These programmes are intended to offset further economic meltdown by stimulating aggregate demand. However, doubts exist about the trade-damaging nature of some of these programmes, especially where little is known publicly about their scope or how they are to be implemented. Furthermore, governments face strong pressure to introduce a domestic-bias into the design and implementation of these programmes.
Some of the infrastructure stimulus programmes announced to date include conditions on how funding is to be spent that aim to reduce the “leakage” into imports and concentrate the stimulus effects on domestic firms and job creation. Since the programmes are funded by domestic taxpayers, it is argued that these taxes cannot be “leaked out” as spending on imported goods and services. The leakage terminology is synonymous with import substitution ideologies, which are contrary with modern economy characterized by integrated global supply chains.

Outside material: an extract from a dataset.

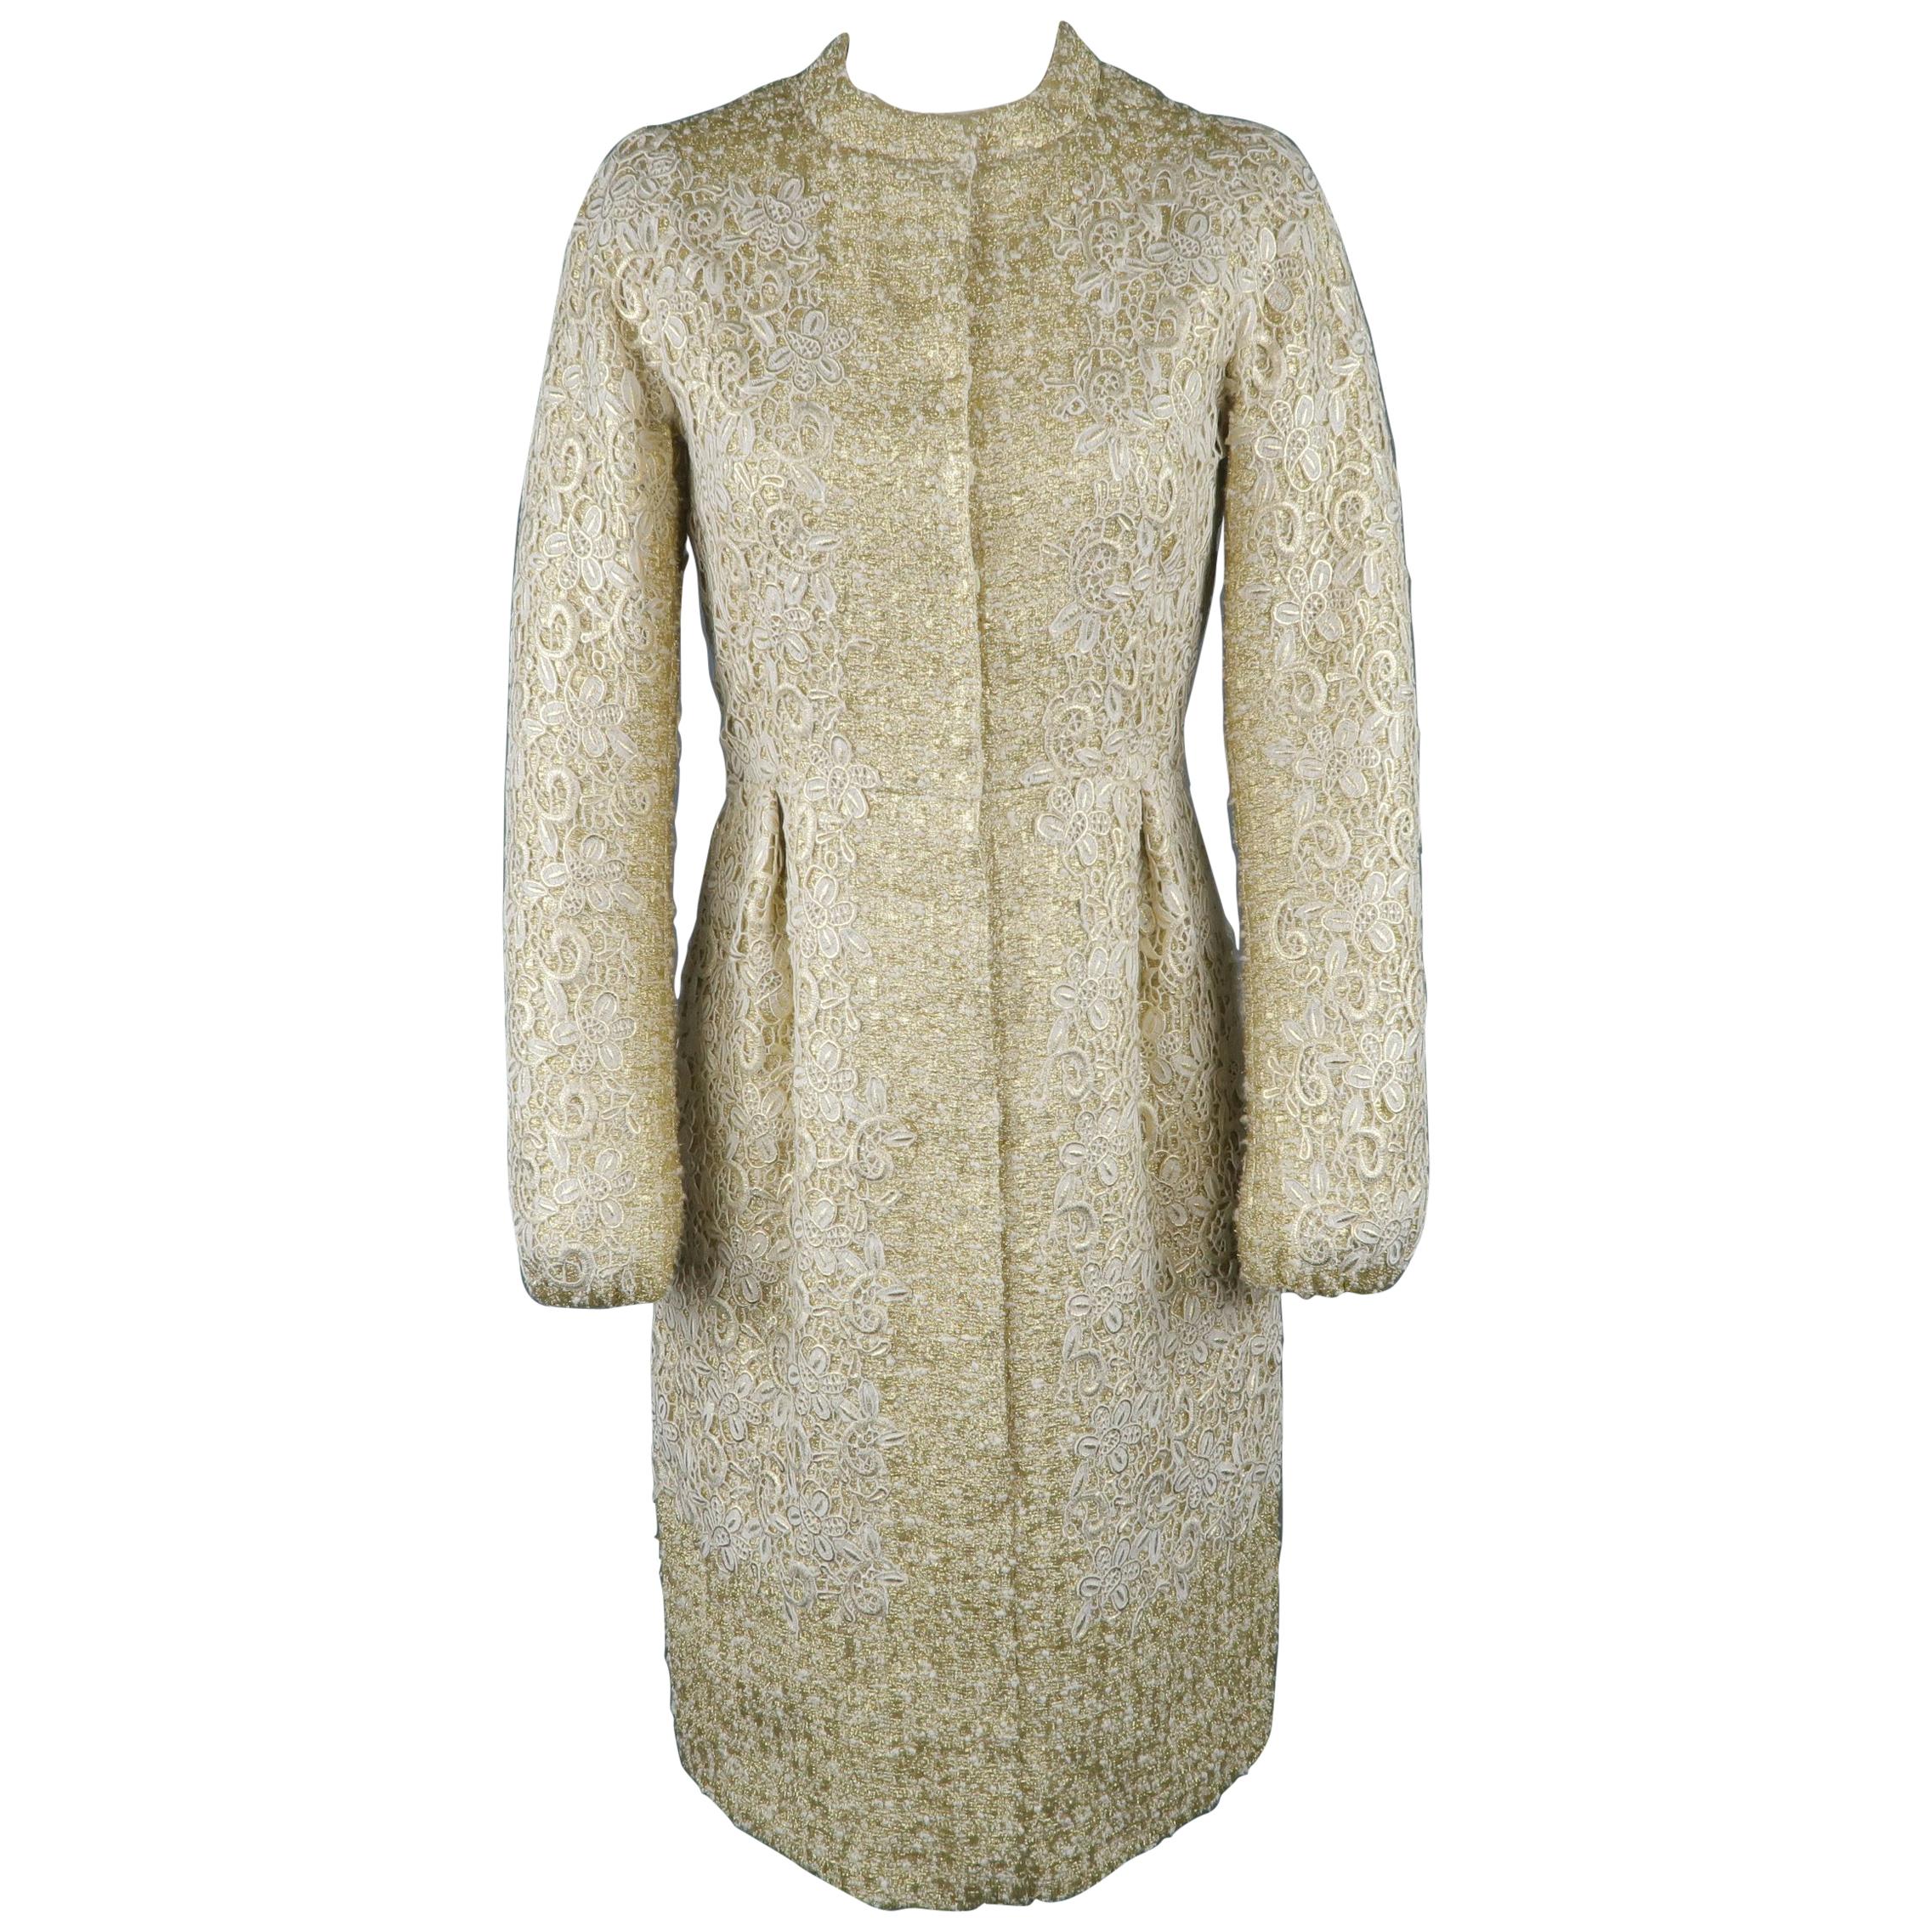 GIAMBATTISTA VALLI Metallic Gold Cotton / Silk Lace Overlay Cocktail Coat-Dress

South Africa (SA) has been implementing a huge infrastructure investment programme since 2005 and the country has recently announced an investment programme amounting to approximately R787 billion over the next three years. The programme has been earmarked for the country’s transport network, power generation, bulk water schemes, school buildings, clinics and other municipal infrastructure projects. These projects will obviously generate strong demand for commodities such as cement, steel, capital equipment and other components – products that local suppliers do not have economies of scale in and where monopolistic pricing thrives. Though the programme currently does not attach conditions for local procurement, there have been growing calls from various quarters to introduce such conditions.
The Department of Trade and Industry’s (DTI) 2007 National Industrial Policy Framework (NIPF) Action Plan called for the coordination of government parastatals’ infrastructure investment plans with domestic suppliers’ capabilities in order “to reduce the import leakage from 40% to 30%” by 2012. The Action Plan also suggested a process to identify capital equipment and other components that could be produced locally. The recently minted “Framework Document for South Africa’s Response to the International Economic Crisis” further proposes expanding the scope of “buy local” conditions into “procurement of pharmaceuticals and medical supplies, clothing and textile products, food and perishables, stationary, computers, office equipment and consumables, automobiles and transport services, consulting services and printing”. Initial proposals by the distressed sectors task team include, inter alia, tightening the preferential procurement legislation, for example, by using 9 of 10 preferential points for local procurement, and provision of grants to the Proudly South African campaign to drum up support to buy locally.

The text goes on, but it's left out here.